Day 1 special-teams contributor at Houston (kick/punt return) with a gadget/slot package on offense while the staff develops him at his primary position. Houston has publicly described a 'three-way' role and the Travis Hunter-style two-way comp, but realistically he projects to consolidate to nickel/slot-receiver as he matures, with a path to a rotational then starting role by Years 2-3 once he adds mass and dedicated reps. Highest upside if the scheme weaponizes his versatility early rather than forcing a single label.

NFL Outlook

Legitimate NFL Draft candidate but a developmental one — 247's evaluation pegs a Day 3 (Rounds 4-7) projection contingent on settling into a position.
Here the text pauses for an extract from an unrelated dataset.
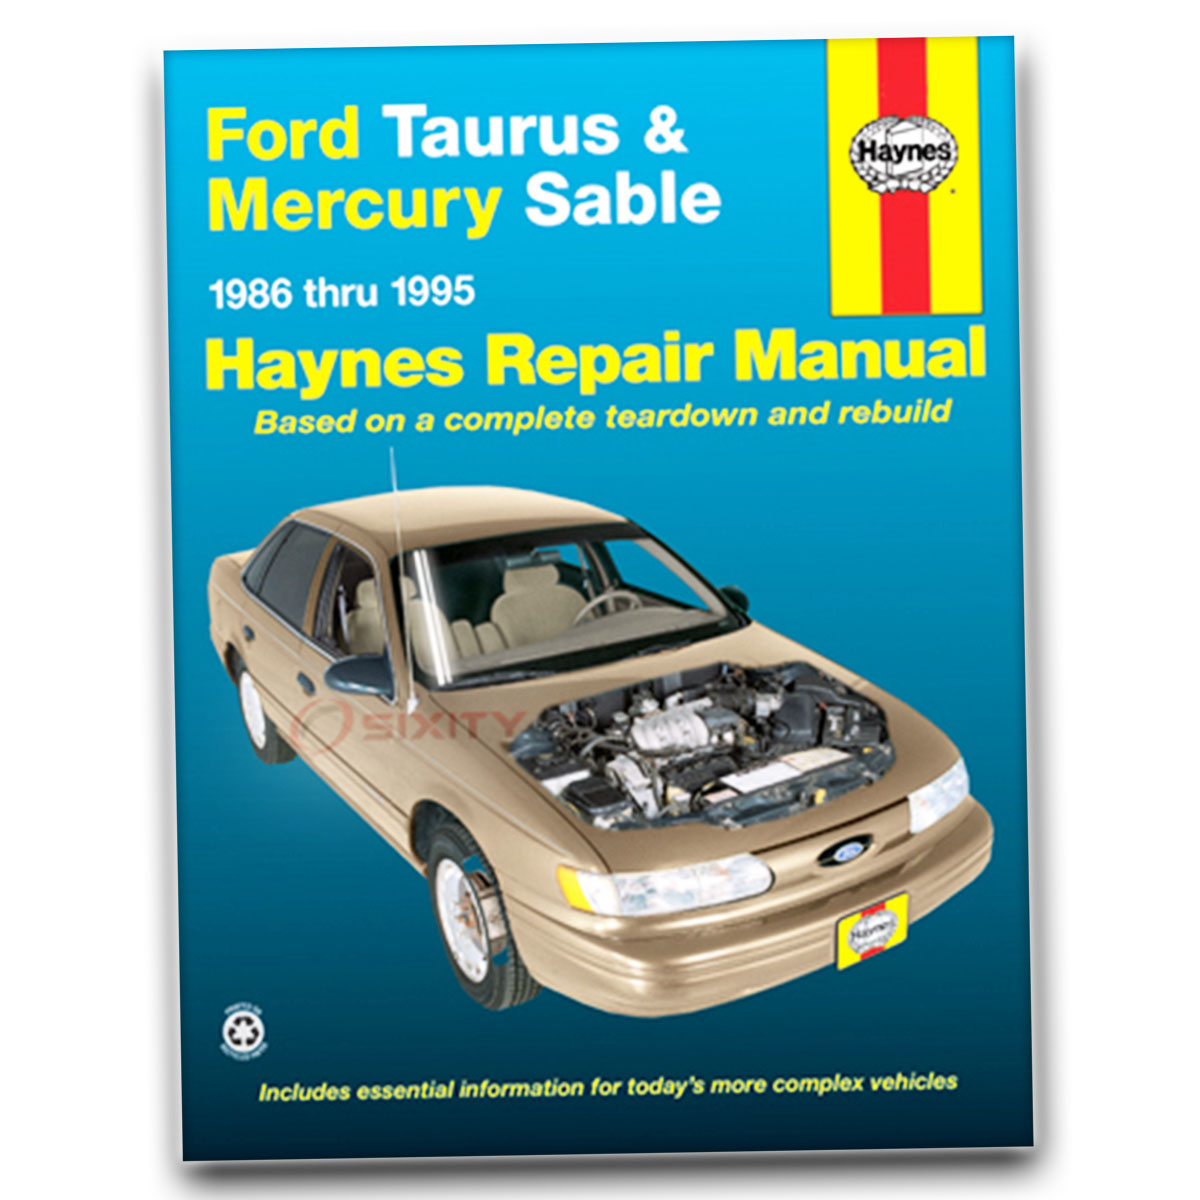 ford taurus haynes repair manual mt5 l gl lx se shop service garage rh ebay com 2007 Ford Taurus Repair Manuals 1991 Ford Taurus Repair Manual

The athletic traits, return ability and two-way versatility give him a draftable floor as a sub-package DB and special-teamer; the ceiling depends entirely on technical refinement and added play strength at his college position. He is not a blue-chip locked-in early-round profile, but the speed and instincts are pro-caliber.

Best Fit

A creative spread/multiple offense paired with a nickel-heavy, positionless defense — exactly the modern Group-of-Five-to-P4 scheme Houston runs. He maximizes in a system that scripts touches for him in space (jet sweeps, slot screens, returns) while developing him at nickel/slot-DB, rather than a rigid scheme that pigeonholes him as a pure outside corner or pure running back. Staffs comfortable deploying a two-way 'joker' get the most out of his rare versatility.

Player Comparison

Tyrann Mathieu LSU • New Orleans Saints 82% match

The Honey Badger entered LSU with similar size (5'9" 175) and a 4-star rating despite lacking a defined position, with coaches projecting his elite athleticism across multiple roles. Like this prospect, Mathieu's versatility was both his greatest asset and biggest question mark, ultimately finding success as a defensive back who could play safety, nickel corner, and even rush the passer in specialized packages.